We report both basic and diluted net income (loss) per common share.  Basic net income (loss) per common share is computed by dividing net income (loss) for the period by the weighted average number of common shares outstanding for the period.  Diluted net income (loss) per common share is computed by dividing the net income (loss) for the period by the weighted average number of common and potential common shares outstanding during the period if the effect of the potential common shares is dilutive.  The shares used in the calculation of dilutive potential common shares exclude options to purchase shares where the exercise price was greater than the average market price of common shares for the period. The shares used in the calculation of dilutive potential common shares exclude options to purchase shares in loss periods since they are anti-dilutive.

The following table presents the calculation of basic and diluted net income (loss) per common share for three months ended September 30, 2023 and September 30, 2022, and for the nine months ended September 30, 2023 and 2022:

 

Schedule of Calculation of basic and diluted net income per common share          
   Three Months Ended September 30, 
   2023   2022 
Net income (loss)  $109,603   $(86,972)
Weighted average shares-basic   2,454,116    2,454,116 
Effect of dilutive potential common shares            
Weighted average shares-diluted   2,454,116    2,454,116 
Net income (loss) per share-basic  $0.04   $(0.04)
Net income (loss) per share-diluted  $0.04   $(0.04)
Antidilutive employee stock options            

 

           
   Nine Months Ended September 30, 
   2023   2022 
Net income (loss)  $110,960   $(433,010)
Weighted average shares-basic   2,454,116    2,454,116 
Effect of dilutive potential common shares            
Weighted average shares-diluted   2,454,116    2,454,116 
Net income (loss) per share-basic  $.05   $(0.18)
Net income (loss) per share-diluted  $.05   $(0.18)
Antidilutive employee stock options            

4.  STOCKHOLDERS' EQUITY

The following table summarizes information about employee stock options outstanding and exercisable at September 30, 2023:

                                   
     STOCK OPTIONS OUTSTANDING   STOCK OPTIONS EXERCISABLE
 Range of Exercise Prices   Number Outstanding   Weighted Average Remaining Contractual Life (in Years)    Weighted Average Exercise Price per Share   Number Exercisable   Weighted Average Exercise Price per Share 
$3.80   123,000   2.05   $3.80   123,000  $3.80 

The exercise price of all options granted through September 30, 2023 has been equal to or greater than the fair market value of the Company's common stock at the time the options were issued. As of September 30, 2023, the 2013 Plan had expired and no options for our common stock remain available for grant under the 2013 Plan.

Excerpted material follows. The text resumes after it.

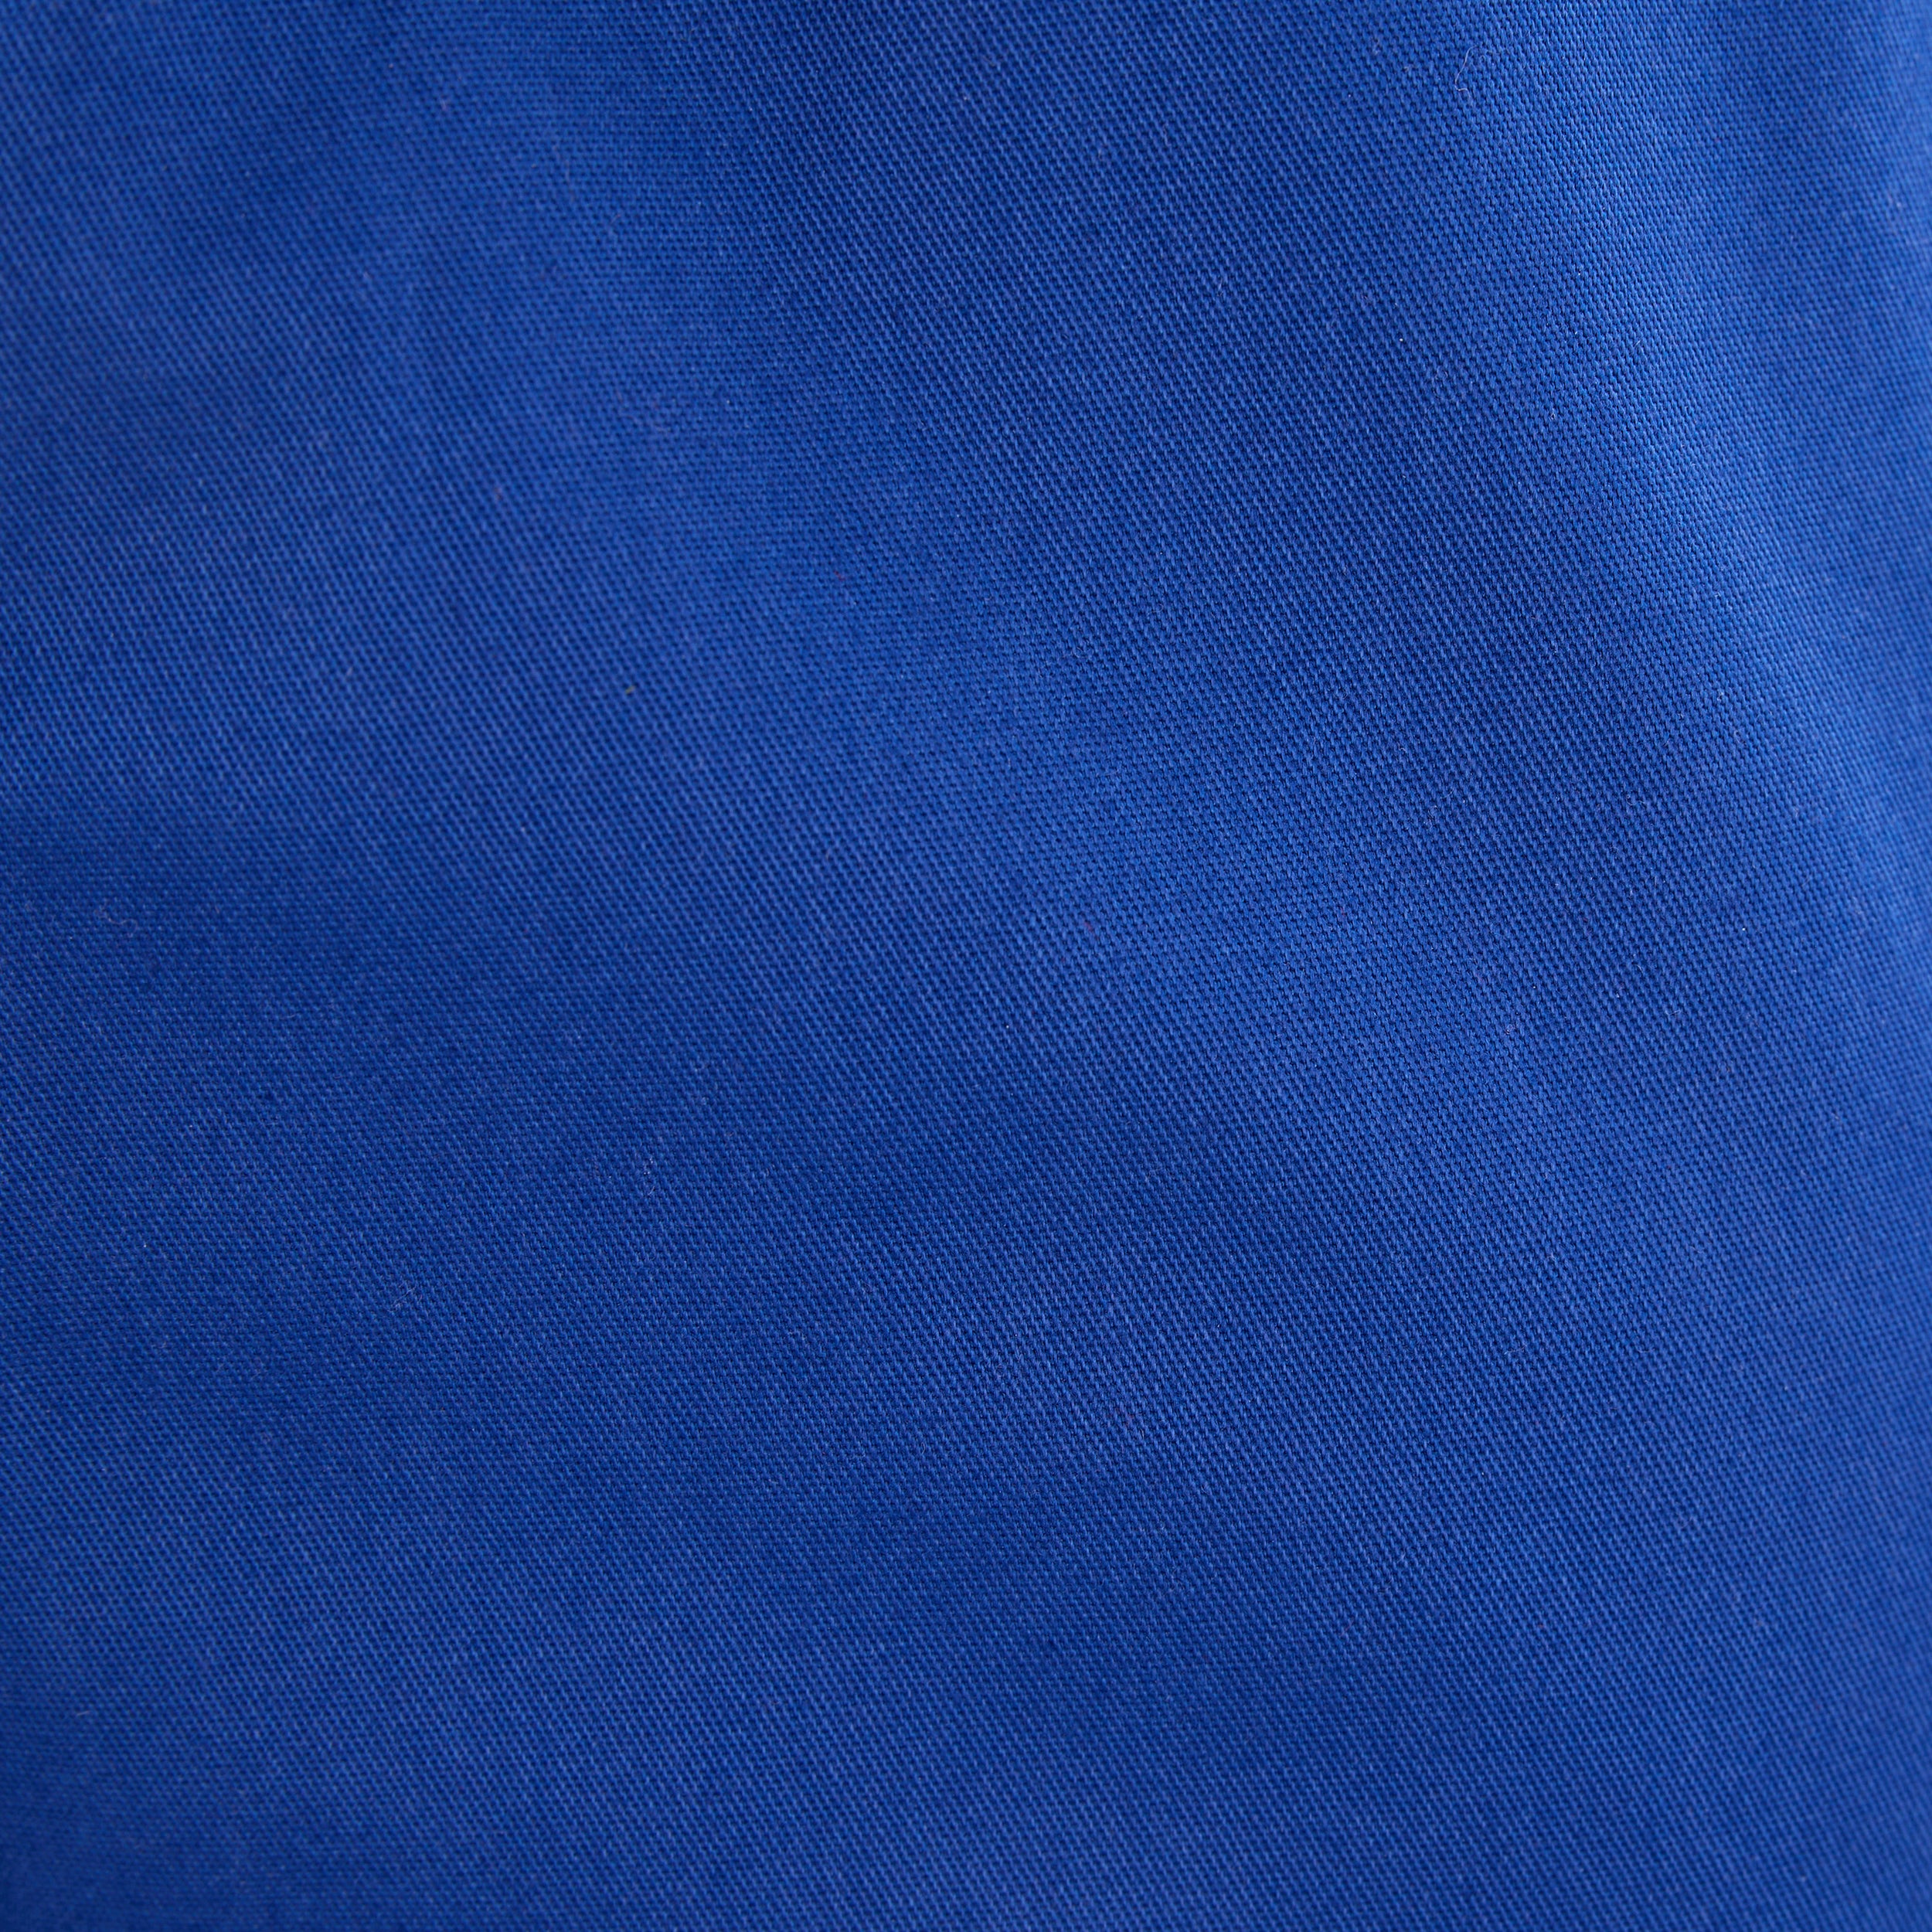 close up of blue fabric

No options were granted during the three months or during the nine months ended September 30, 2023.

No options were granted during the three months ended September 30, 2022. A total of 15,000 options were granted to two employees during the nine months ended September 30, 2022.

No options were exercised during the three months or during the nine months Ended September 30, 2023 and September 30, 2022.

The total number of authorized shares of common stock continues to be 50,000,000, with no change in the par value per share. All of our common stock is designated as no par value per share.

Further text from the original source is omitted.